Explain how to add, subtract, multiply, and divide in scientific notation.
Adding and subtracting in scientific notation:
To add or subtract numbers written in scientific notation, you need to make sure the exponents are the same. Once you have the same exponents, you can simply add or subtract the coefficients.
1. Start by identifying the two numbers you want to add or subtract in scientific notation. For example, let's say we have 2.5 x 10^4 and 3.8 x 10^3.
2. Adjust the exponents so they are the same. In this case, we can rewrite 3.8 x 10^3 as 0.38 x 10^4. Now both numbers have 10^4 as the exponent.

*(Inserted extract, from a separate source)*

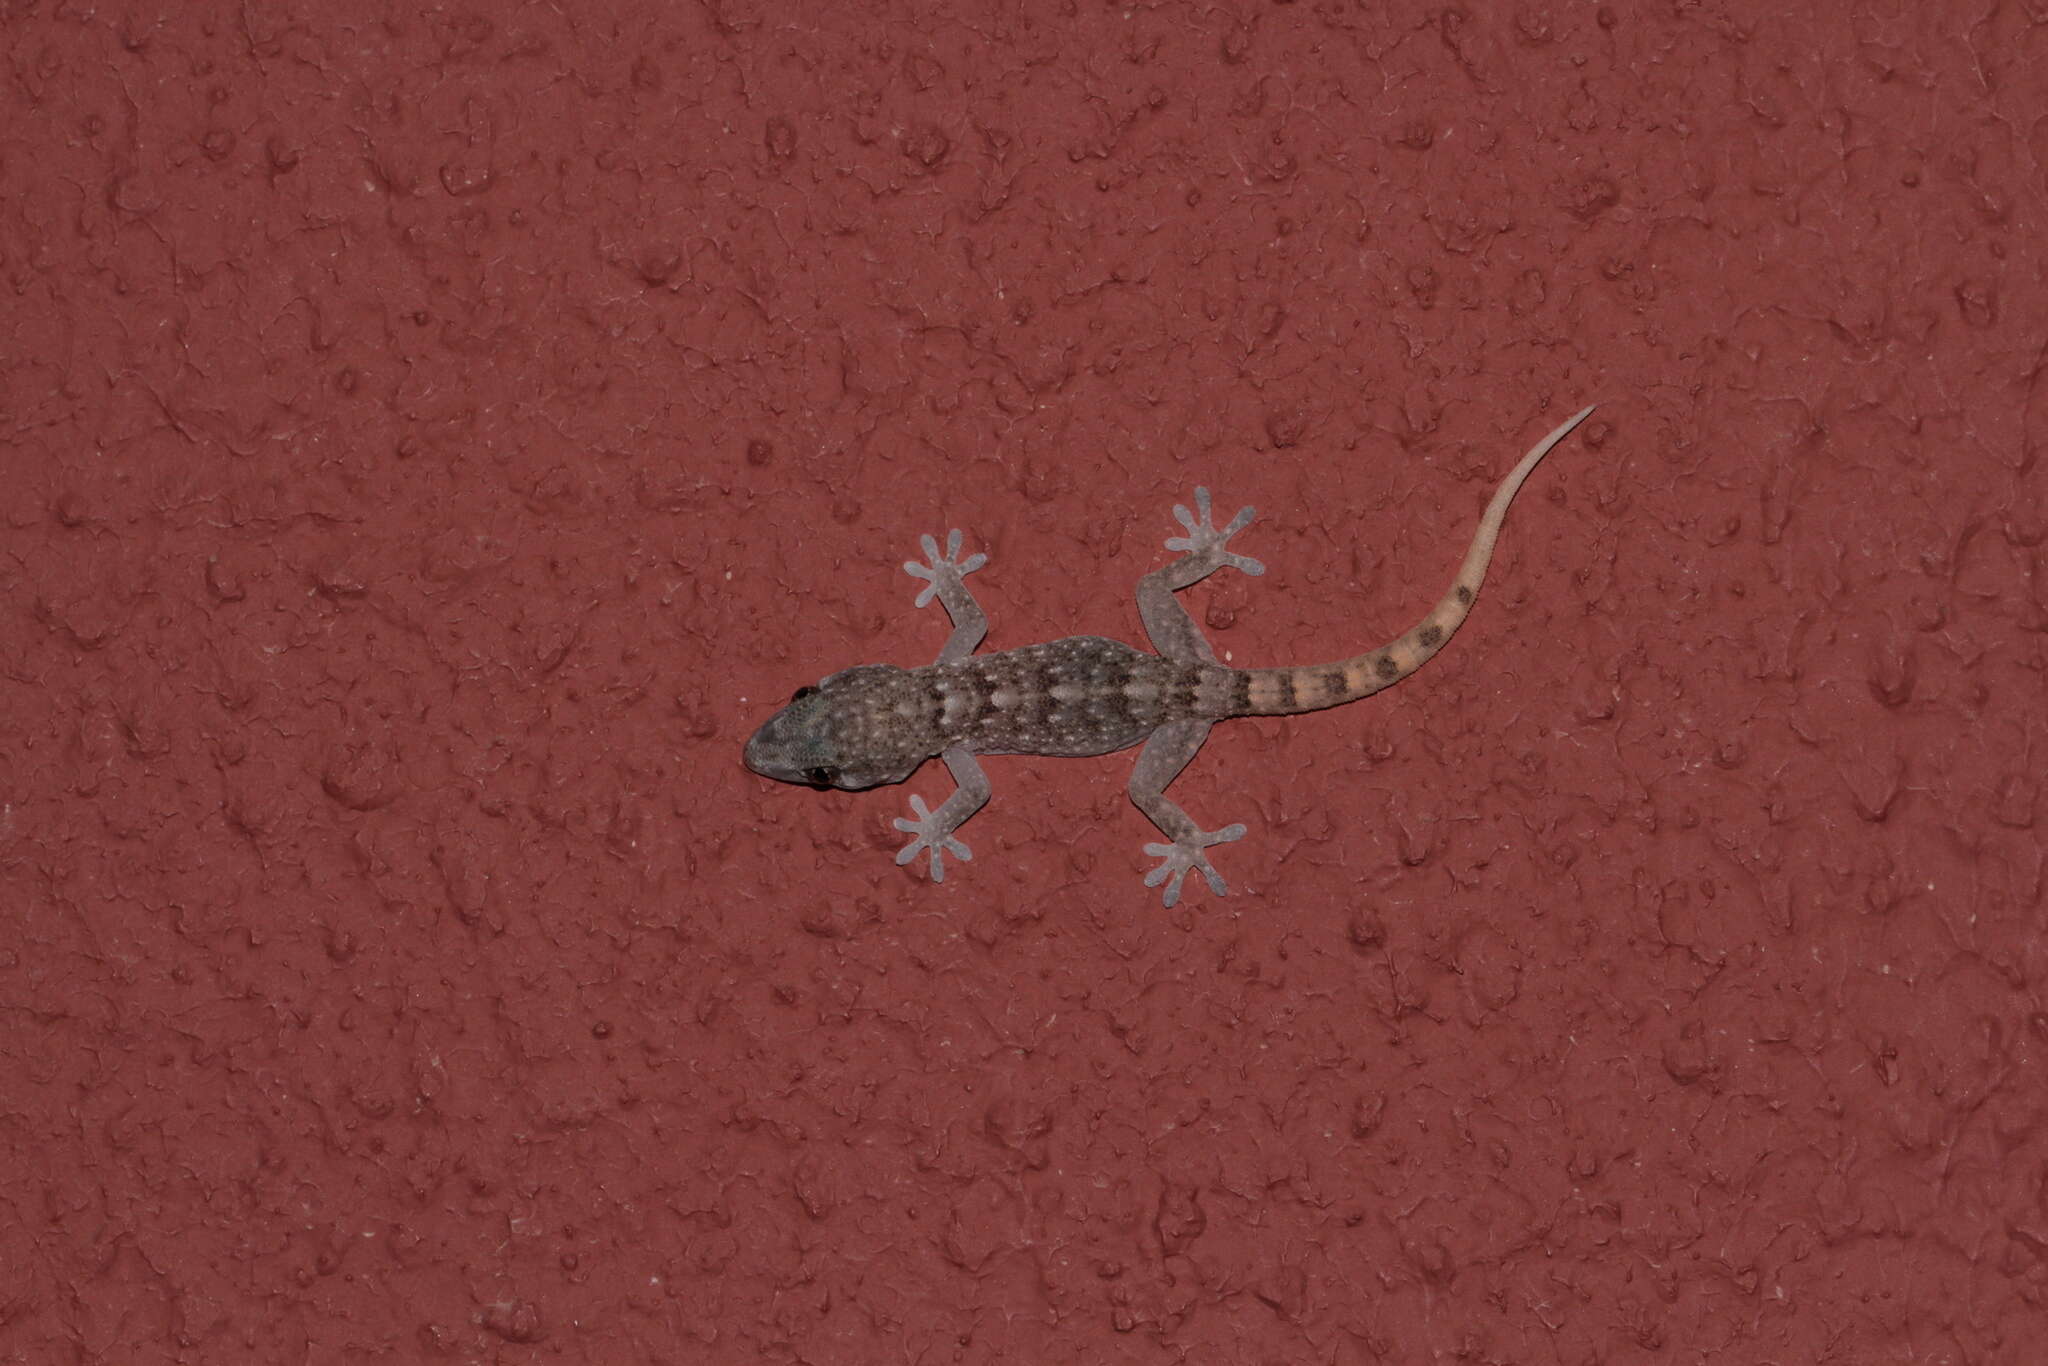 Image of Boettger's Wall Gecko

3. Once you have the same exponents, you can add or subtract the coefficients. In our example, we would add 2.5 + 0.38 = 2.88.
4. The final step is to rewrite the sum or difference in scientific notation by keeping the same exponent. In our example, the answer would be 2.88 x 10^4.
Multiplying in scientific notation:
To multiply numbers written in scientific notation, you need to multiply the coefficients and add the exponents.
1. Take the two numbers you want to multiply in scientific notation. Let's say we have 2.7 x 10^3 and 1.5 x 10^2.
2. Multiply the coefficients: 2.7 * 1.5 = 4.05.
3. Add the exponents: 10^3 * 10^2 = 10^(3+2) = 10^5.
4. Rewrite the answer in scientific notation by keeping the same coefficient and the new exponent. In our example, the product would be 4.05 x 10^5.
Dividing in scientific notation:
To divide numbers written in scientific notation, you need to divide the coefficients and subtract the exponents.
1. Take the two numbers you want to divide in scientific notation. For example, let's consider 8.1 x 10^7 divided by 3 x 10^2.
2. Divide the coefficients: 8.1 / 3 ≈ 2.7.
3. Subtract the exponents: 10^7 / 10^2 = 10^(7-2) = 10^5.
4. Rewrite the answer in scientific notation by keeping the same coefficient and the new exponent. In our example, the quotient would be 2.7 x 10^5.